En Quito se turbó también la tranquilidad porque las monjas de Santa Catalina, cuya
elección quería violentar el provincial de Santo Domingo, se pusieron bajo las
órdenes del obispo y se dividió la ciudad en partidarios exaltados de una y otra
autoridad. Los canónigos del Cuzco entraron en reñidos debates con el obispo.
Por su doble carácter pudo el virrey arzobispo conservar la buena inteligencia con
las demás autoridades eclesiásticas y allanar las principales dificultades. Los
jesuitas le auxiliaron para el gobierno político enviando contra los portugueses de la
colonia del Sacramento a los indios de sus reducciones, quienes pelearon con gran
denuedo. En los establecimientos de piedad contó con la cooperación de varones
santos, tales como el venerable Camacho, el indio Nicolás de Dios, el presbítero
Riera fundador de la congregación de San Pedro y otros muchos del siglo o del
clero.
Aún estaban los piratas en el Pacífico, cuando fue arruinada Lima por un espantoso
terremoto el 20 de octubre de 1687. Un primer estremecimiento, que quebrantó
todos los edificios e hizo algunas víctimas, permitió que la mayoría de los habitantes
se salvara del estrago de una segunda y más violenta sacudida. El terror producido
por falsas revelaciones y por indiscretos predicadores se unió a las privaciones e
influjo de la inclemencia para causar graves dolencias.
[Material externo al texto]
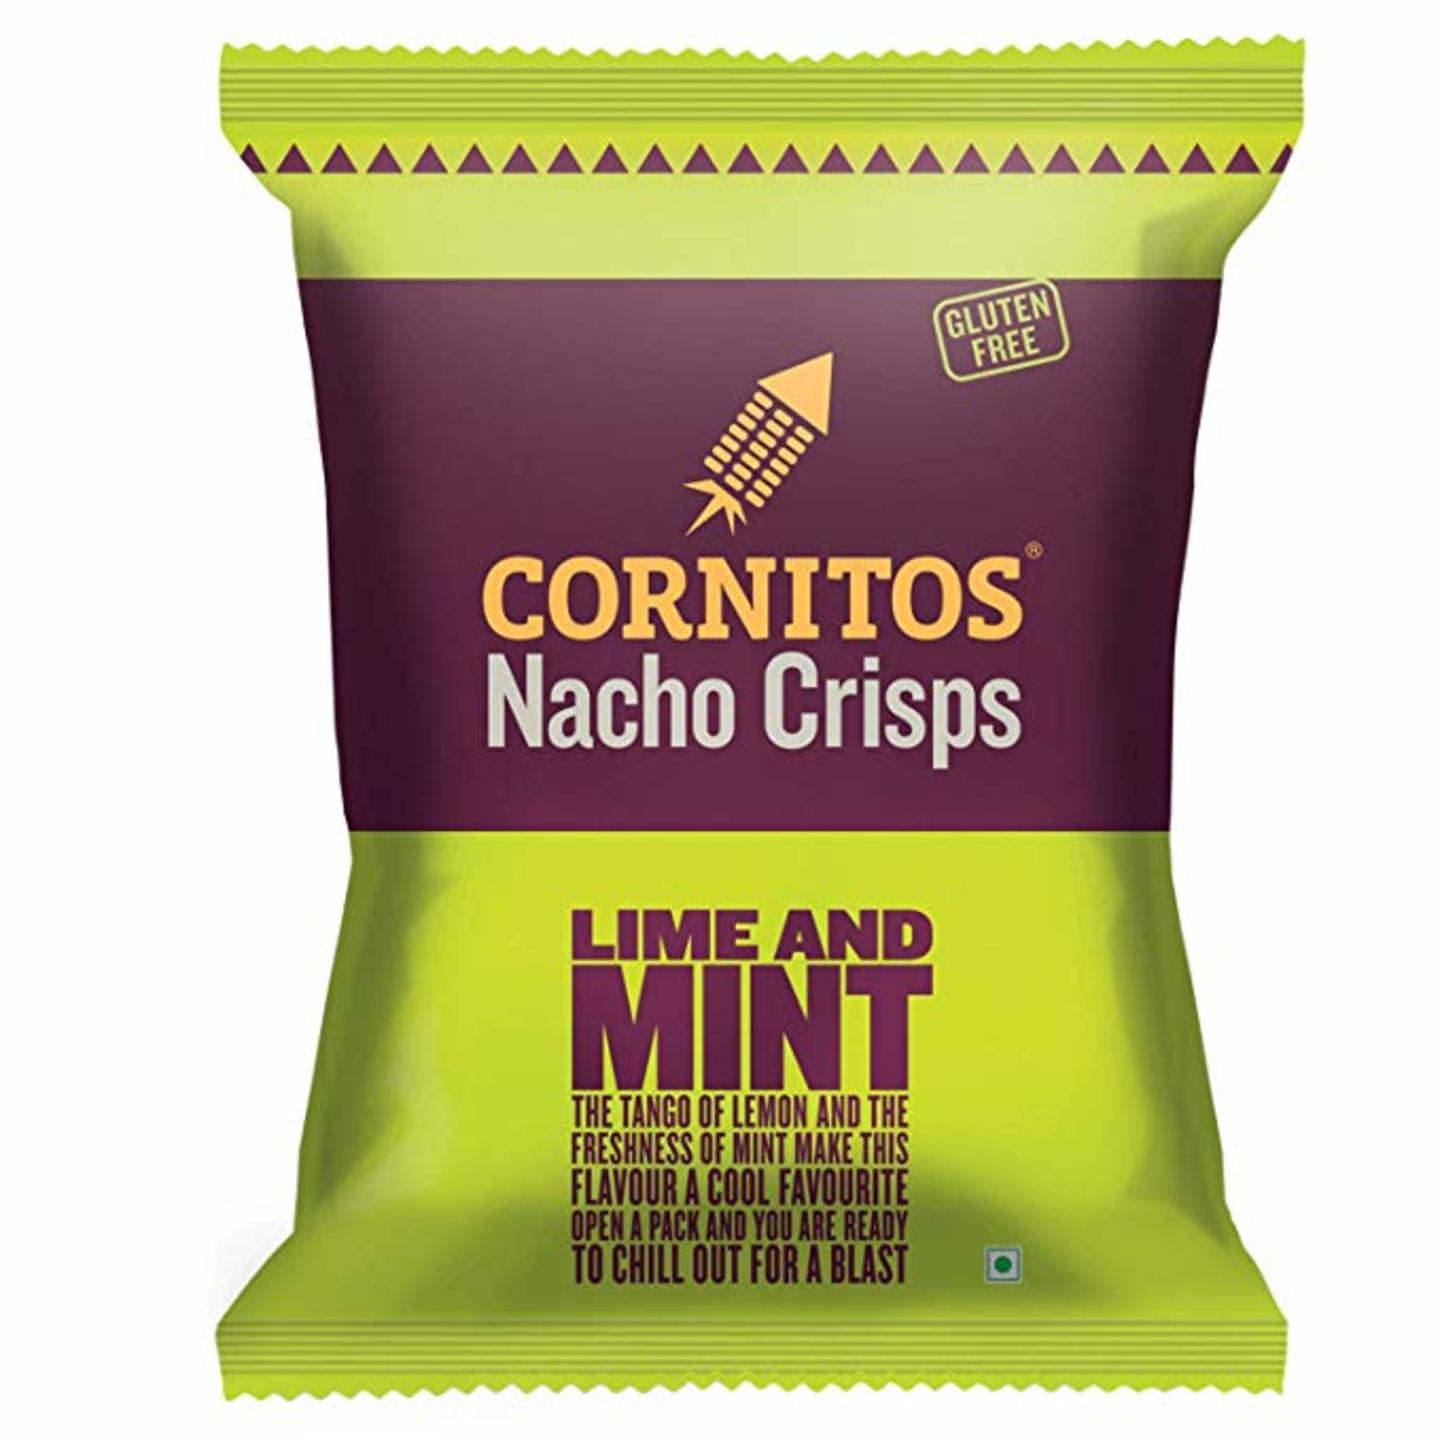 Cornitos Nachos Crisps, Lime and Mint, 60g

Mas el celo inteligente y
sereno del virrey logró restablecer la confianza y el orden habitual, aunque
ocurrieron graves desavenencias con el clero.
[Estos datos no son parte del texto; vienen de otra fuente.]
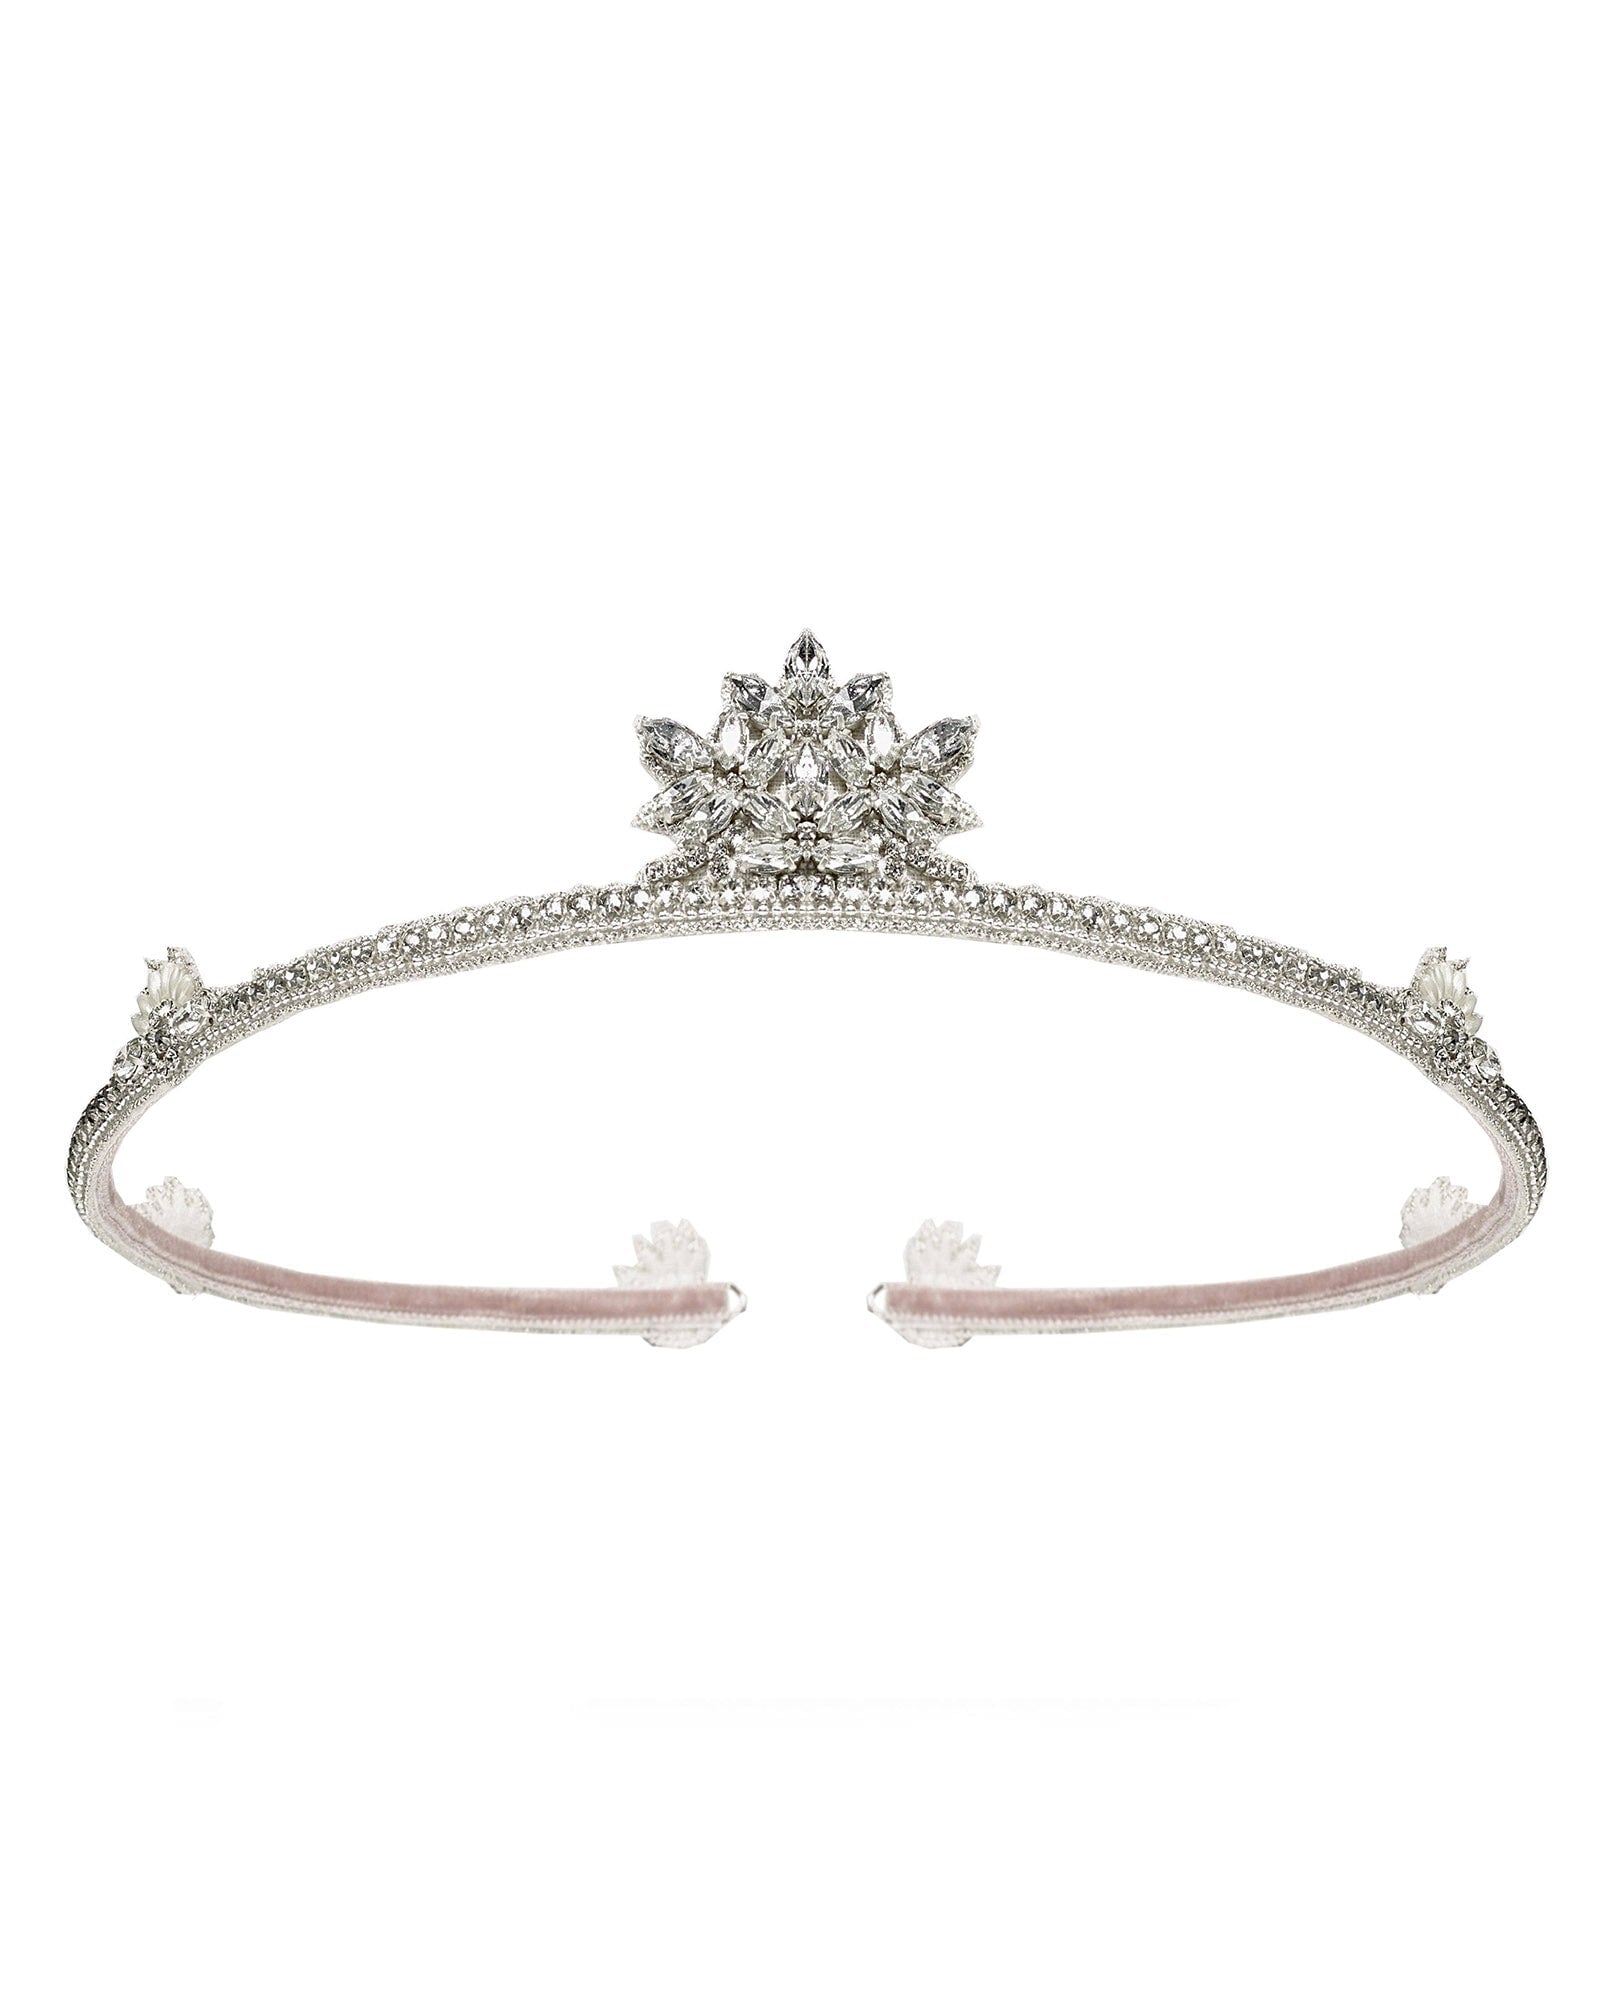 Porto Crown Bridal Hair Accessory Silver Tiara Style Headdress  image

Con mejor éxito se sostuvieron las regalías de la Corona en otras competencias con
la inquisición y algunos prelados. Los conventos de monjas, que a veces formaban
repúblicas desordenadas, no pudieron reformarse. Las misiones de Maynas;
aunque habían sufrido mucho por el azote de las viruelas, invasiones de
portugueses y alzamiento de los neófitos, se repararon por el celo del padre Samuel
Fritz, apóstol de los omaguas. La universidad, que había decaído, recibió nuevo
lustre. Se estableció en Lima una casa de moneda. La audiencia pudo funcionar con
mayor desembarazo. En el despacho de los asuntos generales reinó la mayor
actividad. Los intereses de la hacienda fueron tan bien atendidos, que sin nuevo
gravamen pudieron cubrirse enormes gastos extraordinarios, a los que contribuyó
generosamente el pueblo.
La inteligencia del virrey, no bien inspirada por las órdenes vigentes, ni por los
consejos de sus antecesores, se estrelló en la reintegración de la mita que pretendió
hacer a Huancavelica y Potosí y que él consideraba sin razón como la obra grande
de su gobierno. Superando inmensos obstáculos hizo la numeración general de los
indios, que muchos tenían interés en ocultar y que quedó tan incierta como antes.
Los naturales estaban muy alarmados y principiaban a huir de las reducciones
previendo un aumento de mitas y tributos.